You are incorrect. You do not get to inspect my rationale for legitimacy.
You would have to actually present it, of course.
I'm not saying dislike isn't real, just that the rationales for it that tended to come to light in the course of the edition war were rarely based on anything legitimate. They depended on a straw man, an outright lie, ignorance, confirmation bias and other forms of factual error or flawed critical thinking.
Hey, but your rationale might be good. If you think it might be legitimate, you could share it.
The rest is subjective and I assure you, quite legitimate
Of course, there's no arguing /subjective/ 'reasons' for not liking something new & improved. Nostalgia, for instance, is a big one (it's why I'm more likely to play a 1e AD&D game at a convention than a 2e or 3e, even though the later are better systems, technically). You can prefer something in its 'classic' form without having to mis-represent it as somehow better than in a later form. No matter how much better the new version is on any number of objective criteria, the subjective opinion stands. For the one person with that opinion, of course.

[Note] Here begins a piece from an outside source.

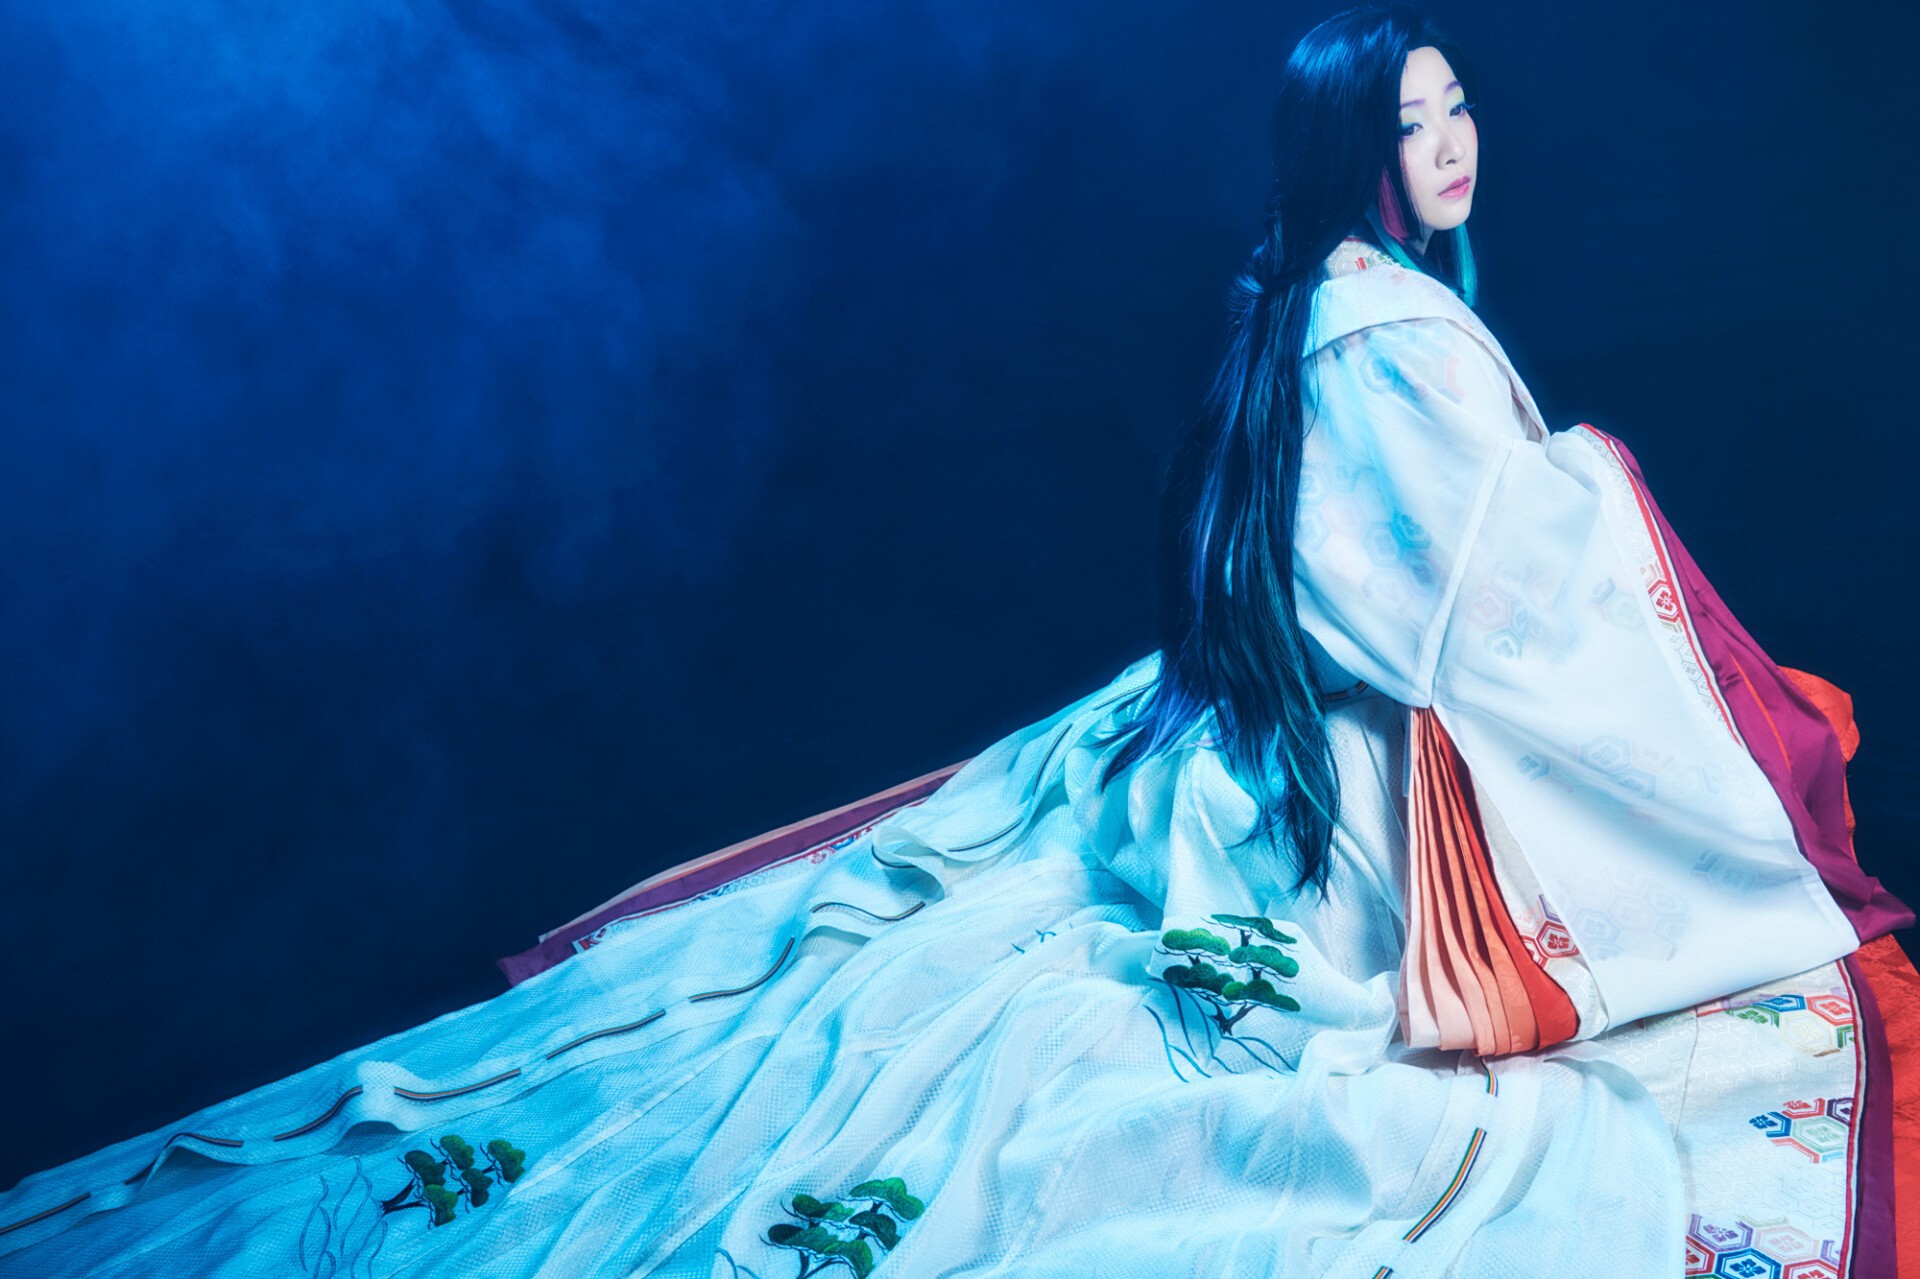 日本の美 を世界に発信するフェス Fantasia かぐや姫役のmay Nへインタビュー Iflyer

Less understandably, you can just irrationally dislike any bit or quality of a system - from something far-reaching and positive, like game balance, to an annoying little detail like one anachronistic weapon out of dozens or an 'unrealistic' result in corner-case of skill check resolution, or whatever else whinges you out - and let that spoil the whole for you.
Subjective reactions like that happen with every rev-roll, and every rev-roll does have hold-outs who just won't accept it, as a consequence.
Every rev-roll didn't give those hold-outs a Pathfinder to buy, though. Nor promise software it couldn't deliver. Nor have to pull down double the sales of the entire industry to meet the low end of it's revenue goals.
Those things are important, and so far unique, parts of the '4e experience' that the OP asked about. The obligatory nerdrage over every rev-roll is less so.